Spec? I'm not talking theoretical stuff here. I'm literally talking about what I do for a living. Part of that job is communicating this information in broad terms to other parts of the business. Let me be perfectly clear here: nobody with a business mindset would be pushing for this kind of thing because it's free market research, and keeping your finger on the pulse of public opinion is invaluable for marketing, communication, public relations, and business strategy. if something is not performing well, you want to know immediately so you can determine what - if anything - you need to do for damage control.

You are right in that I'm speaking from the position of someone working with this data, but you're wrong in assuming that the data and the insights we glean from it isn't shared with the rest of the company; sharing that information is the whole damn point.

Didn't know they could. Which only begs the question why disabling dislikes does anything. This can only be for manipulative algorithmic purposes, I'd assume.


I'm not sure how telling dislikes are, though. I mean, consider how many people sit through an entire video's content... just to ultimately dislike it. I've started hundreds of videos and stopped them after a minute or two and they weren't even worth my time to officially dislike them. It takes a second to dislike a video. It also takes a second to like a video, but a like is more telling since it means someone ostensibly sat through it and enjoyed it enough to throw their hat in the ring of "yes, I want to see more stuff like that." I'm probably what most would considered a liberal; I could go on YouTube right now and click on as many conservative videos as I can find and dislike them within 5 seconds of the video even playing. Conversely, as a liberal, I could find as many liberal videos that align with my thinking, and I'd probably watch those videos in their entirety to appreciate the echo chamber of my beliefs, and I'd "like" them. Point being, I think dislikes should be less heavily weighted than likes for the simple fact that they can be easily weaponized.
You could, yes, but as I said, it's "another point of data", not the point of data. Much like most other data points, they're much less useful in isolation and bereft of context. Seeing that some rando disliked the video means very little on its own. Seeing, however, that there was a dislike spike on during the week of <insert week here>, during which time you saw a bunch of first-time viewers with a high bounce rate? That's a good indication that something other than the video was the cause. If your video is 10 minutes long and you see that it has a bunch of dislikes and the average view time is 4:32? That gives you a good starting point to figure out where you lost your audience and that the problem wasn't that you simply bored them.

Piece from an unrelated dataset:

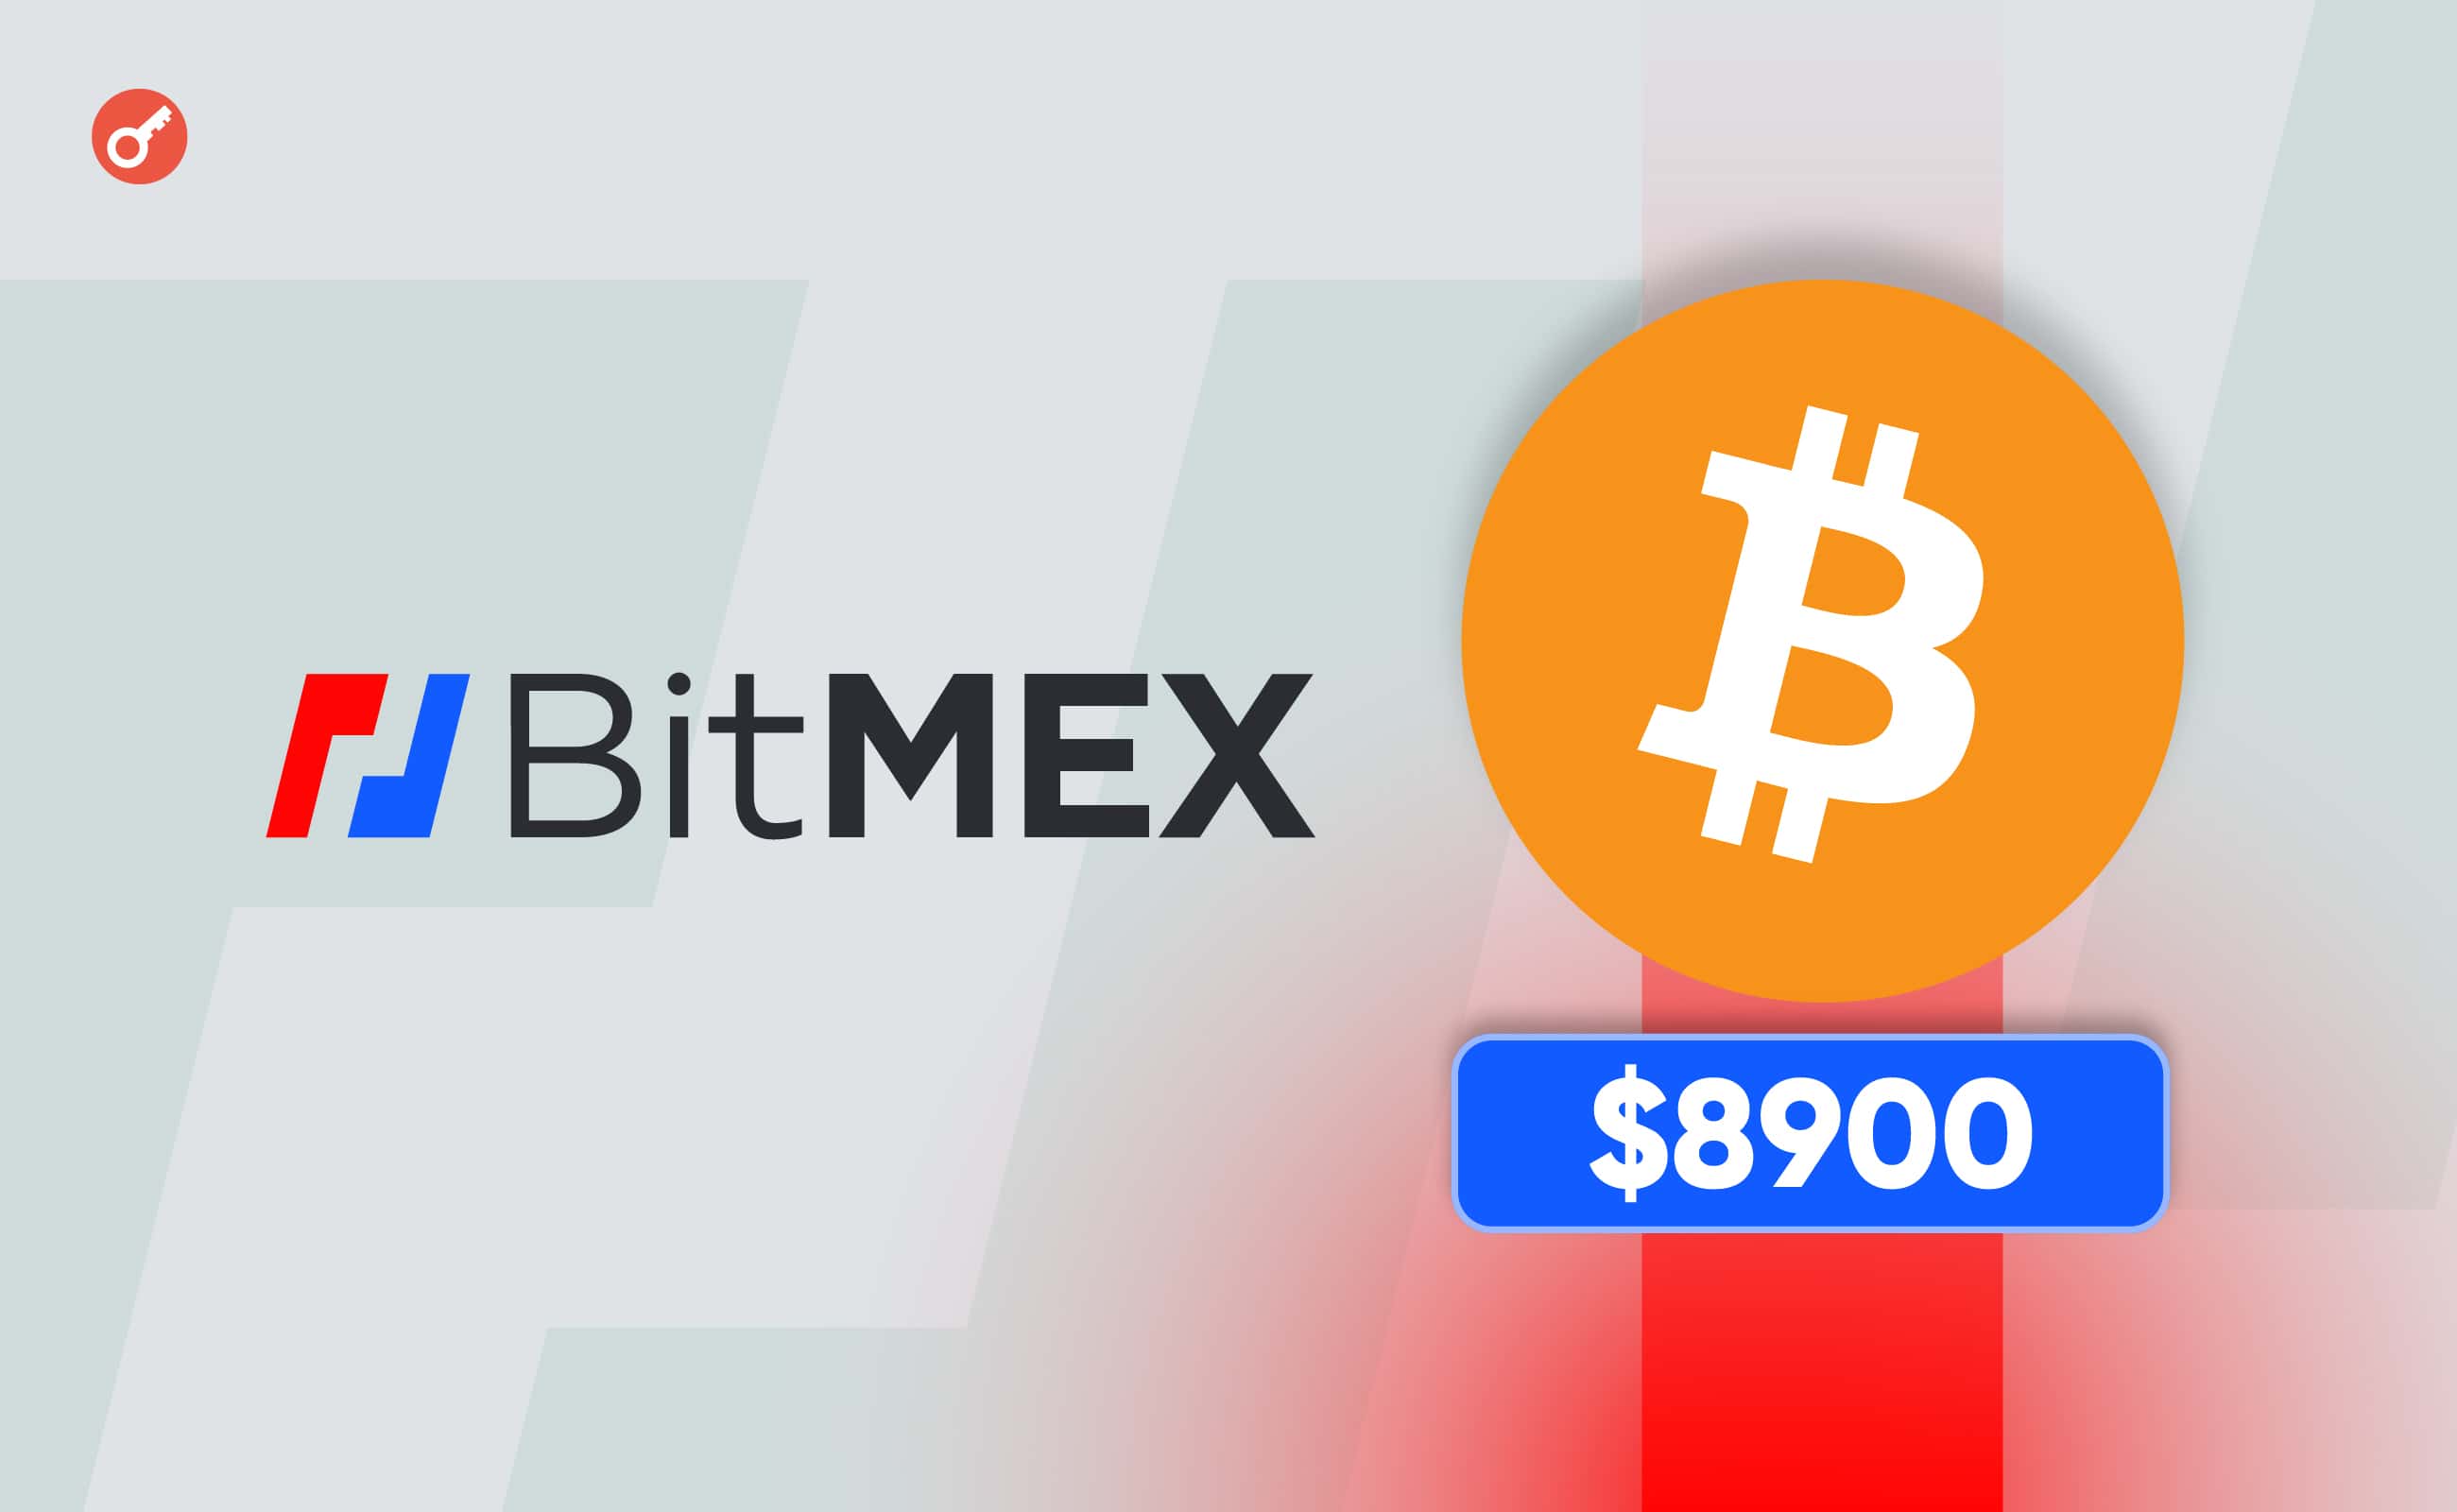 Bitcoin fell to $8,900 on the BitMEX exchange

While it does make it sound more glamorous than it deserves, market research and data analytics can be likened to detective work. A single clue will rarely solve the case, you have to be able to see how all the pieces of the puzzle fit together.

--

Regardless, I did some digging and it turns out that this is a moot point and everyone's barking up the wrong tree. YouTube is not, in fact, removing the dislike button. They are just making it so that the dislike count is not visible to casual viewers. https://blog.youtube/news-and-events/update-to-youtube/

You can still dislike a video, your likes and dislikes will still work to tune your recommendations, and creators still have the same data. It's just that when you pull up, for instance, the Neutral Response video, you will not see whether or not it's lopsided 1000 points in one direction.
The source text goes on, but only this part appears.